If the IDA suggests that Further Data Analysis is required, then this step seeks one of two conclusions:

  1. The sample evidence is consistent with there being no link between the response variable and the explanatory variable.
  2. The sample evidence is consistent with there being a link between the response variable and the explanatory variable.

As we have already seen in the previous sections, this process can be represented diagrammatically as:

The Data-Analysis Methodology seeks to find the answer to the following key question:

  • On the basis of the sample data, is there evidence of a connection/link/relationship between the response variable and the explanatory variable?

The final outcome is one of two conclusions:

  1. There is no evidence of a relationship, labelled as the ‘No’ outcome in the diagram above, in which case the analysis is finished.

  2. There is evidence of a relationship, labelled as the ‘Yes’ outcome in the diagram above, in which case the nature of the relationship needs to be described.
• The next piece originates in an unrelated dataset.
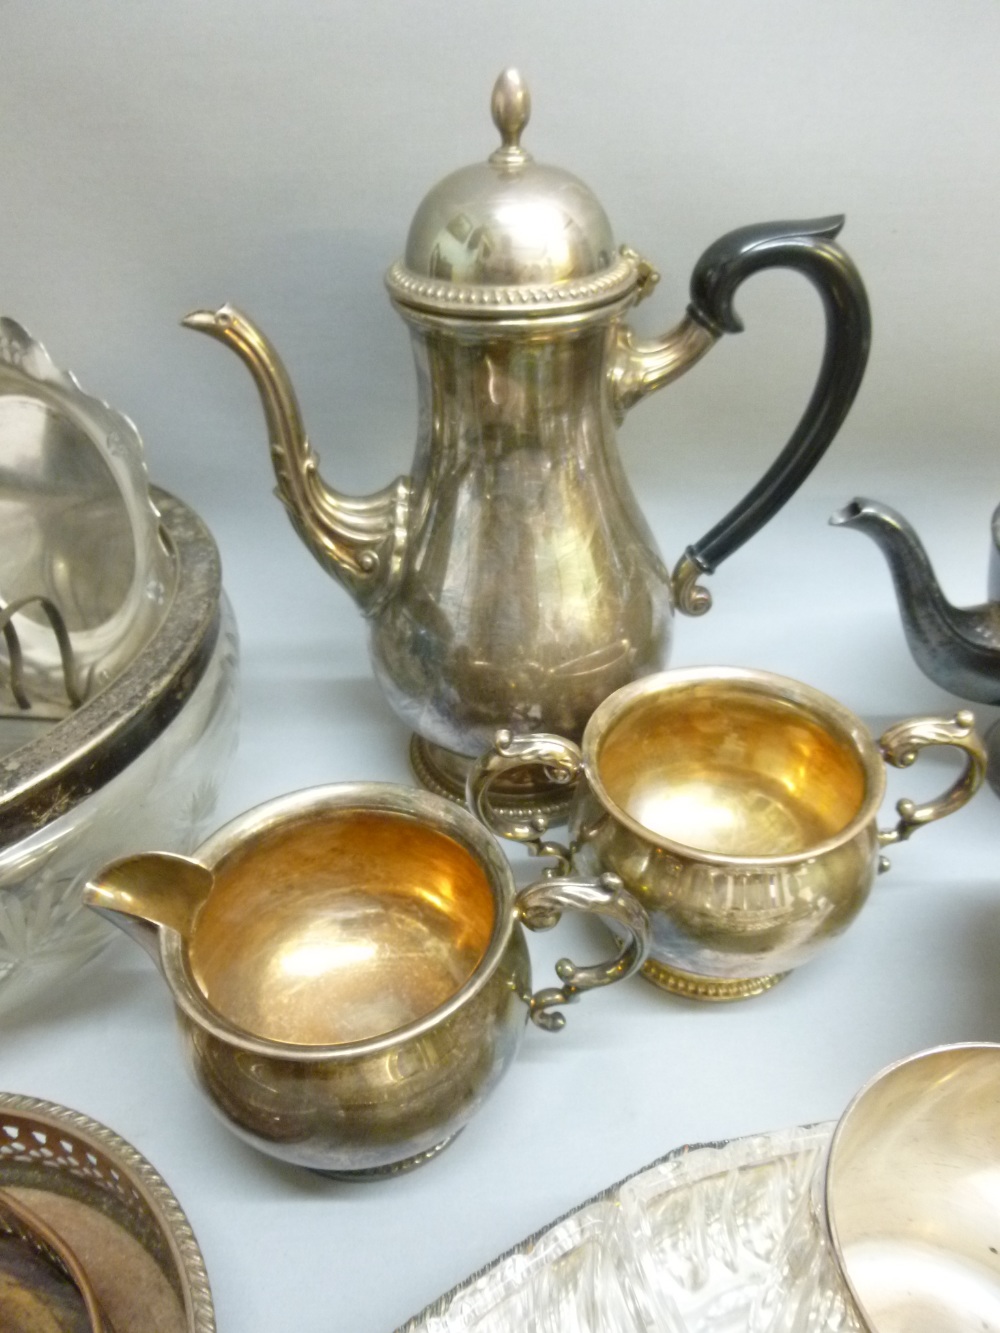 A MAPPIN & WEBB SILVER PLATED COFFEE POT (H: 24.5 cm), SUGAR BOWL AND MILK JUG TOGETHER WITH A
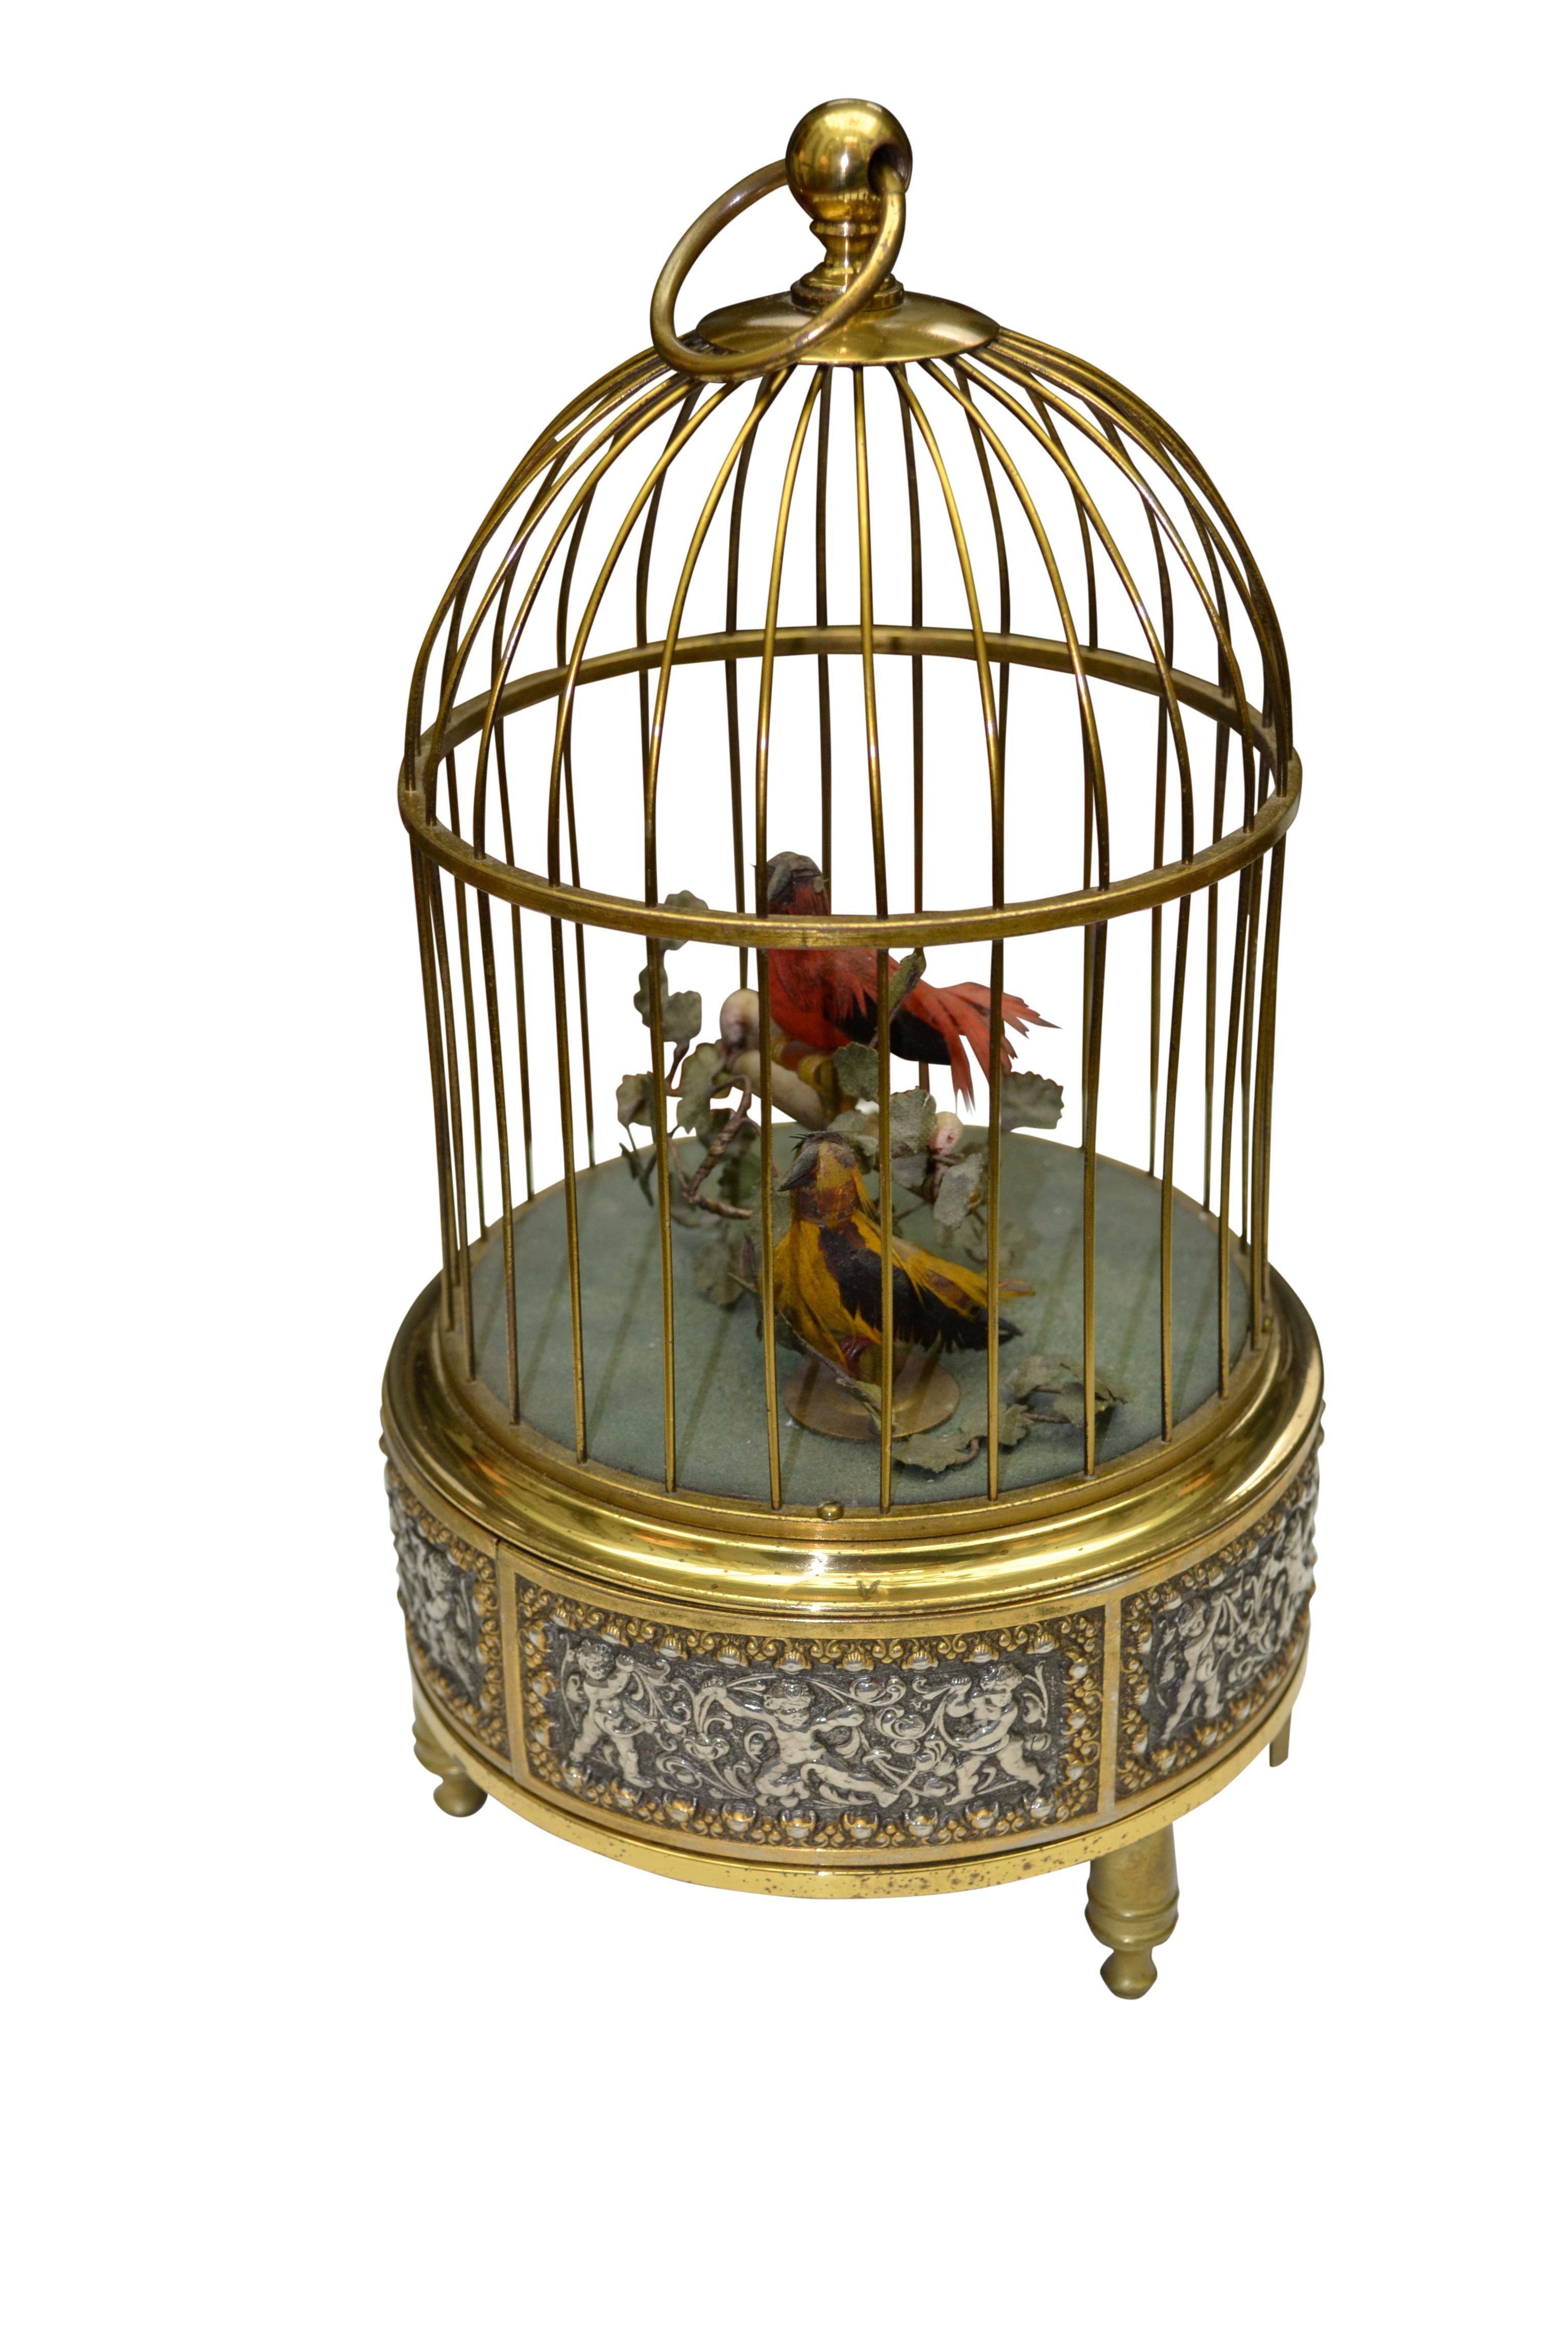 A brass wire cage with knob finial and loop handle; set on a slivered brass base with an ornate repousse frieze of frolicking putti; the whole supported by three turned brass feet; the interior has 2 animated manually feathered singing birds, one

The first step is to have a clear idea of what is meant by a connection between a measured response variable and a measured explanatory variable. Imagine a population under study consisting of a very large number of population members, and on each population member two measurements are made, the value of \(Y\) the response variable and the value of \(X\) the explanatory variable. For the whole population a graph of \(Y\) against \(X\) could be plotted conceptually. If the graph looked as in the diagram below, then there is quite clearly a link between Y and X. If the value of \(X\) is known, the exact value of Y can be read off the graph. This is an unlikely scenario in the data-analysis context, because the relationship shown is a deterministic relationship. Deterministic means that if the value of \(X\) is known then the value of \(Y\) can be precisely determined from the relationship between \(Y\) and \(X\).


Scatter Plot

When analysing the relationship between the two measured variable we start off by creating a scatter plot. A scatter plot is a graph that shows one axis for the explanatory variable commonly known in the regression modelling as a predictor and labelled with \(X\), and one axis for the response variable, which is labelled with \(Y\) and commonly known as the outcome variable. Thus, each point on the graph represents a single \((X, Y)\) pair. The primary benefit is that the possible relationship between the two variables can be viewed and analysed with one glance and often the nature of a relationship can be determined quickly and easily.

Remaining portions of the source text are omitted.